▶ [Exercise objective]: Once you find the line with "Ristoranti di Roma" in the listing below, set down exactly every line from it through the line with "HARLEY DAVIDSON ハーレーダビッドソン", but no pictures.

▶ [Input data]:
···
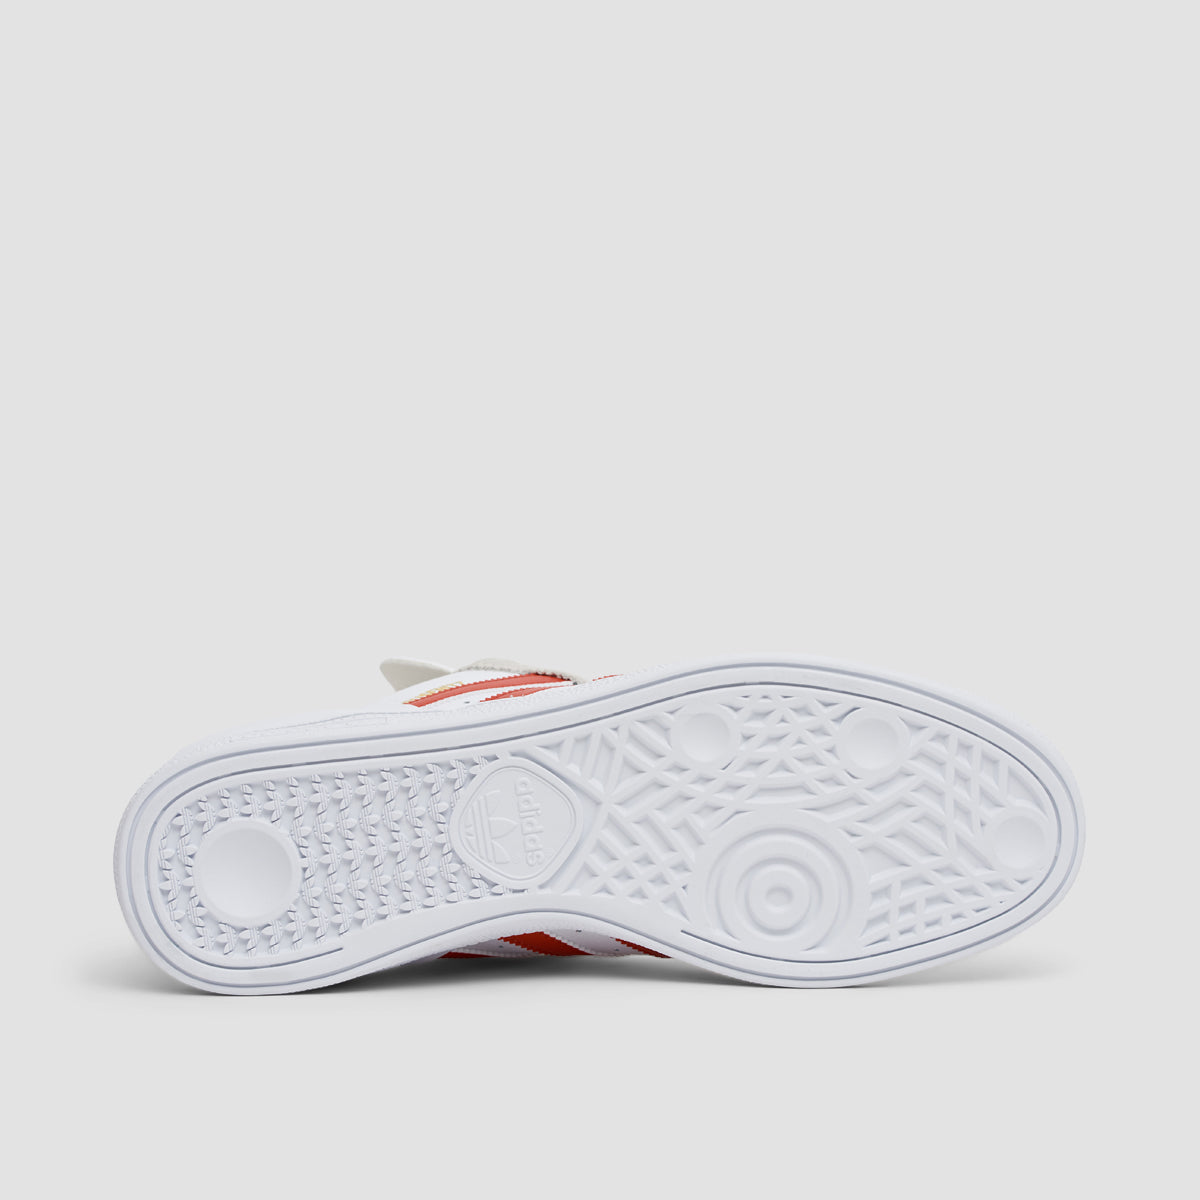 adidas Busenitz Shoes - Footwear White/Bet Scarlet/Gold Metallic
···
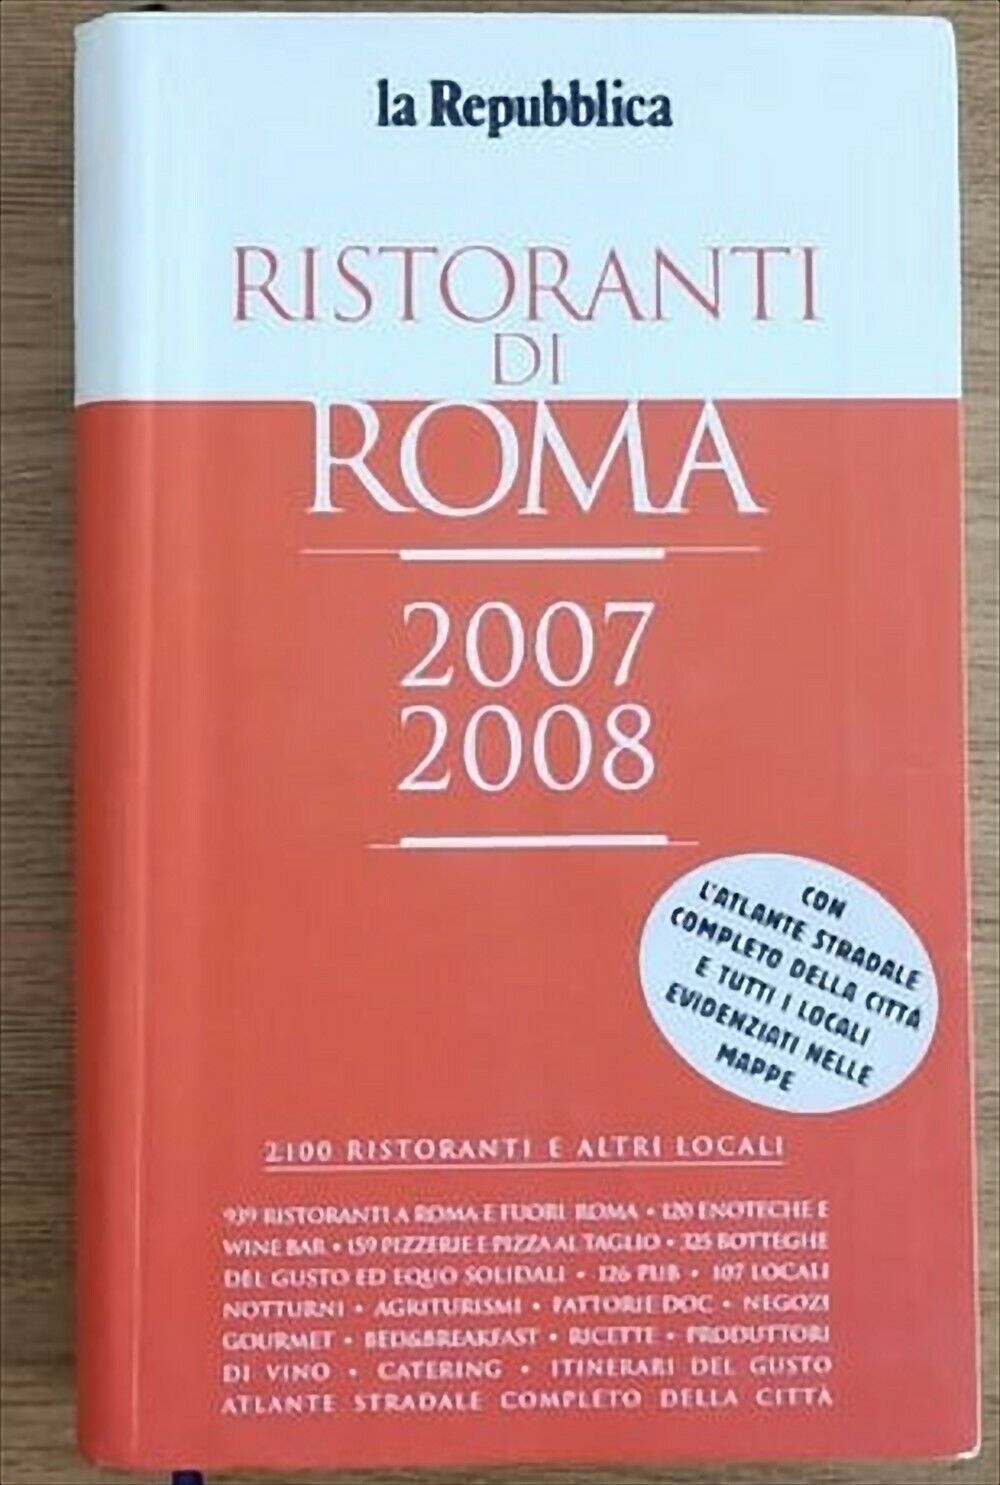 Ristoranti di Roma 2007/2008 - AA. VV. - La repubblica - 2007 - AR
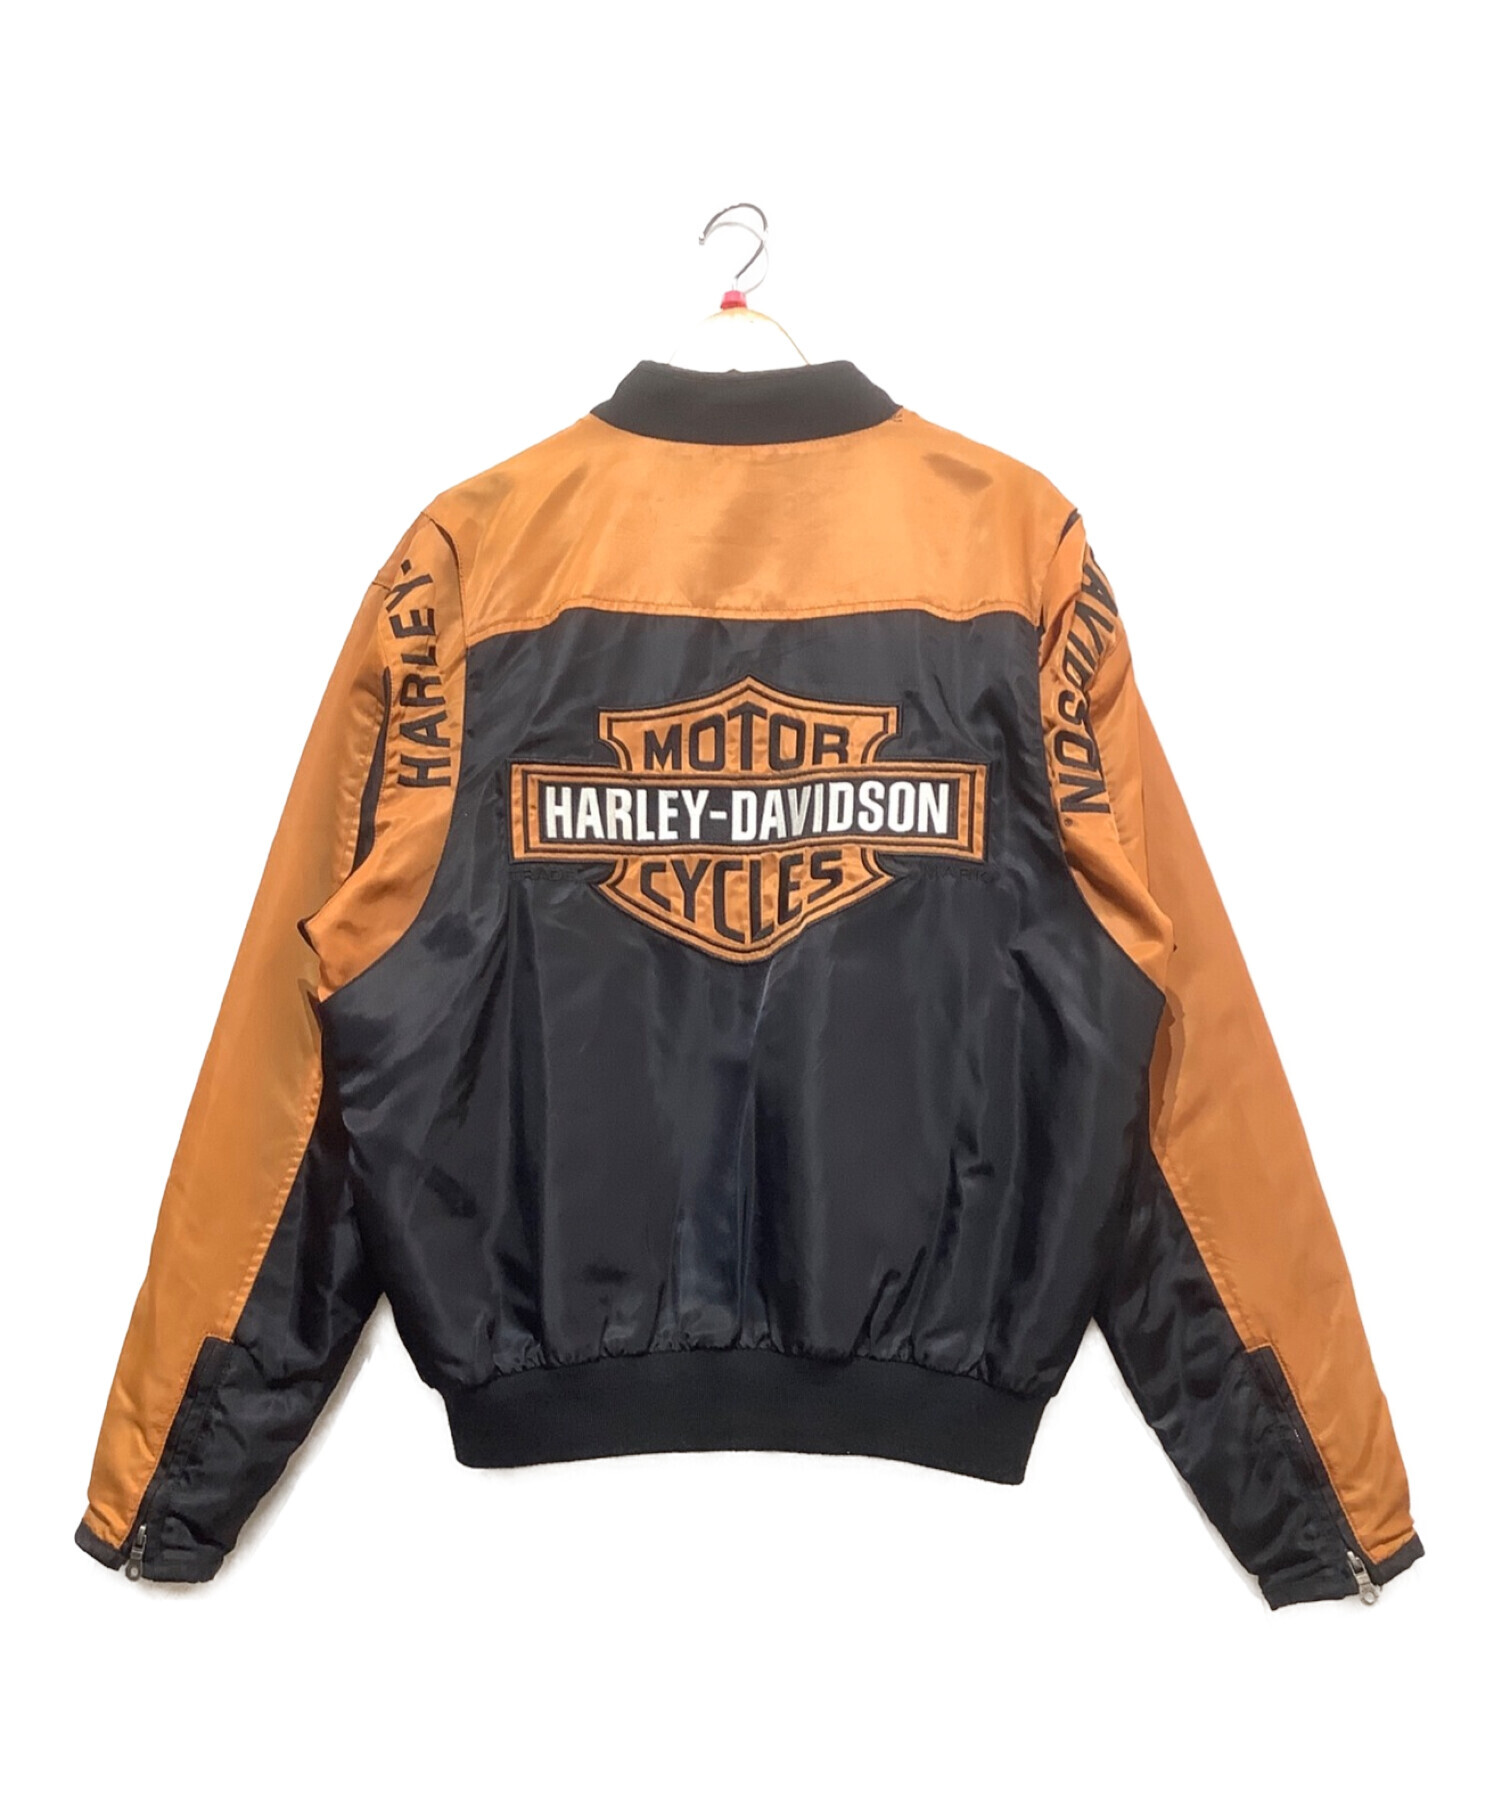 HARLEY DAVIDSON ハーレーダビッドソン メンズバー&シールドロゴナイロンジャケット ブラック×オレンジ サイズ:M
···
▶ [The completed task]:
 Ristoranti di Roma 2007/2008 - AA. VV. - La repubblica - 2007 - AR
 HARLEY DAVIDSON ハーレーダビッドソン メンズバー&シールドロゴナイロンジャケット ブラック×オレンジ サイズ:M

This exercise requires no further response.